Monday, February 23, 2009

Feb 23, 2009

Well, today was a horrible day in the market. But there are trends that are building. I have noticed that gold goes to about 1040 an ounce then it falls back. If you are into risky plays I think this is something that I would short or buy a put on. Now a lot of people do not understand “shorting” a stock, and know even less about “puts”. Shorting a stock is selling a stock that you do not own with the promise to buy it back at a later date. So if stock ABC is selling for ten dollars and you think it is going lower than you “short” it, which means you put out a number of stocks that someone else can purchase in hopes that the stock goes down in price. If stock ABC goes to eight dollars and you are happy with the profit you have made and you want to get out of the trade you would need to purchase the same amount of shares that you shorted which is called covering your position. Once you have purchased the same amount you shorted you have none of the stock and whatever money you have left over from the purchase. That is how shorting works and how money is made doing it. Puts are a form of options and options are a lot more complicated. I will not explain puts in detail in this post because it will be a whole post all to itself in the future.

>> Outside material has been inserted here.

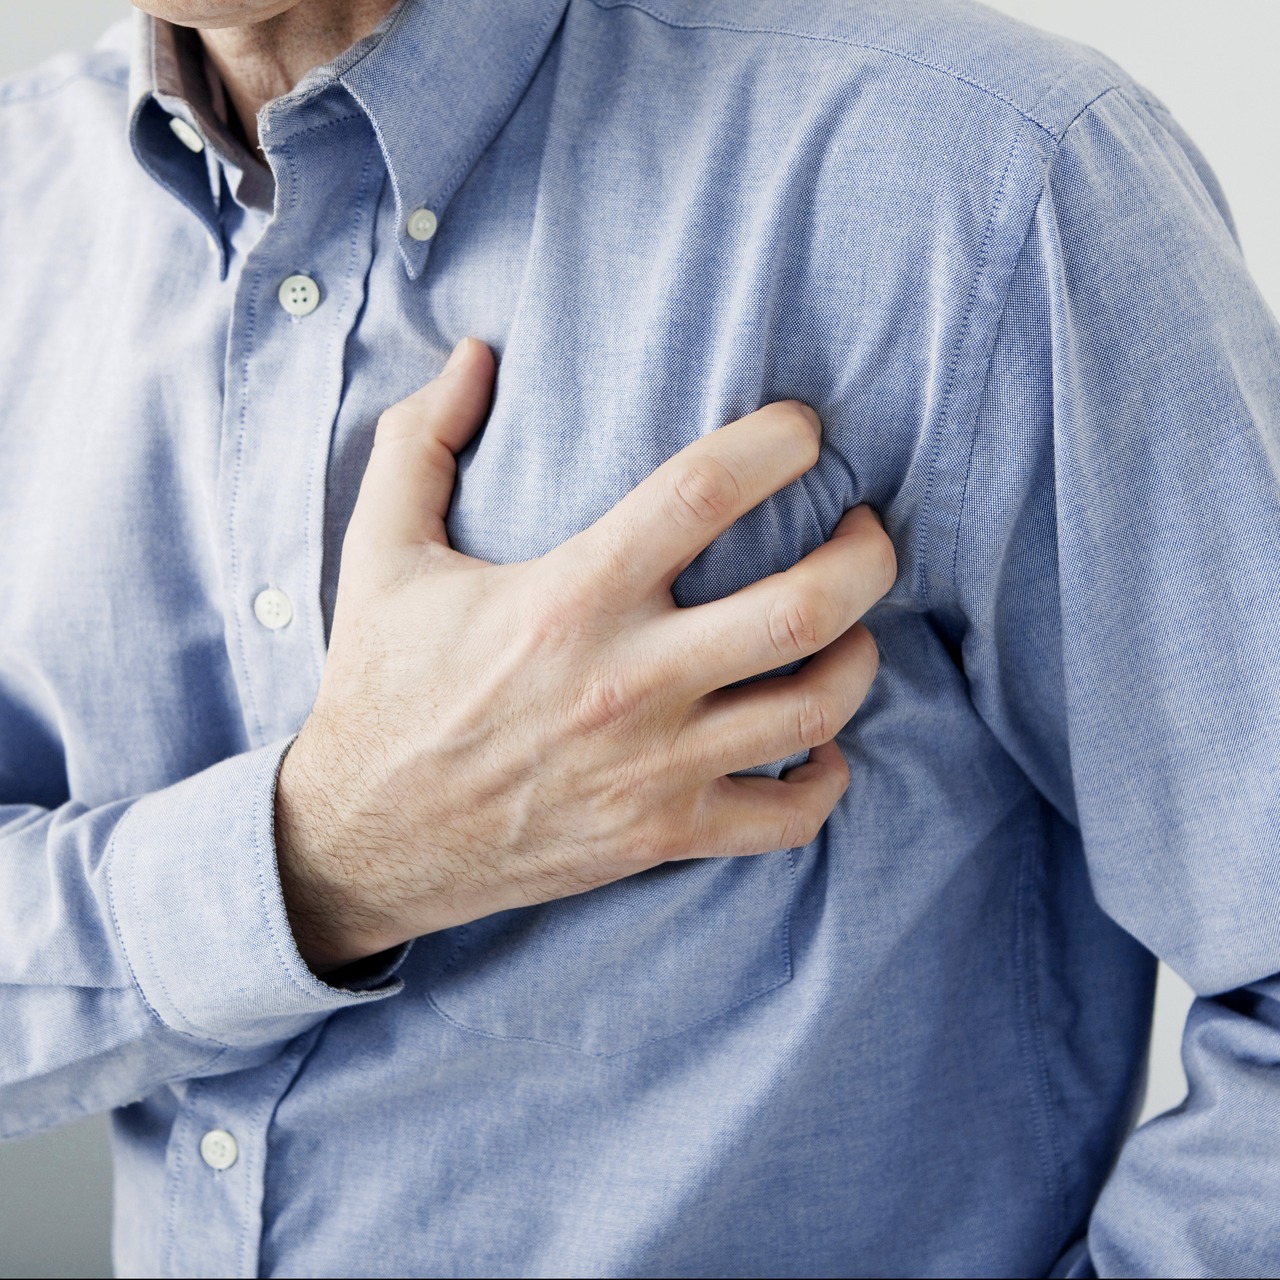 Kalp krizi uyarısı! Sabaha karşı risk artıyor

Another thought I had today is a lot of people can’t decide what kind of investor they are. When purchasing stocks it is imperative to know a timeframe on your trade. You need to know if you are buying a stock for a long term investment, or if it is for a quick profit. Most of my trades I give 18 months to work there course. When I make a recommendation on my blog I will give a timeframe for the trade and where I expect it to go. With that said, I always put in a 20% stop loss on all my stock trades.
I hope this information has helped you. The trade comment I made for gold is a brief one, but I would short gold at 1040 and would be out after a bear market rally which should bring gold down to 925-950.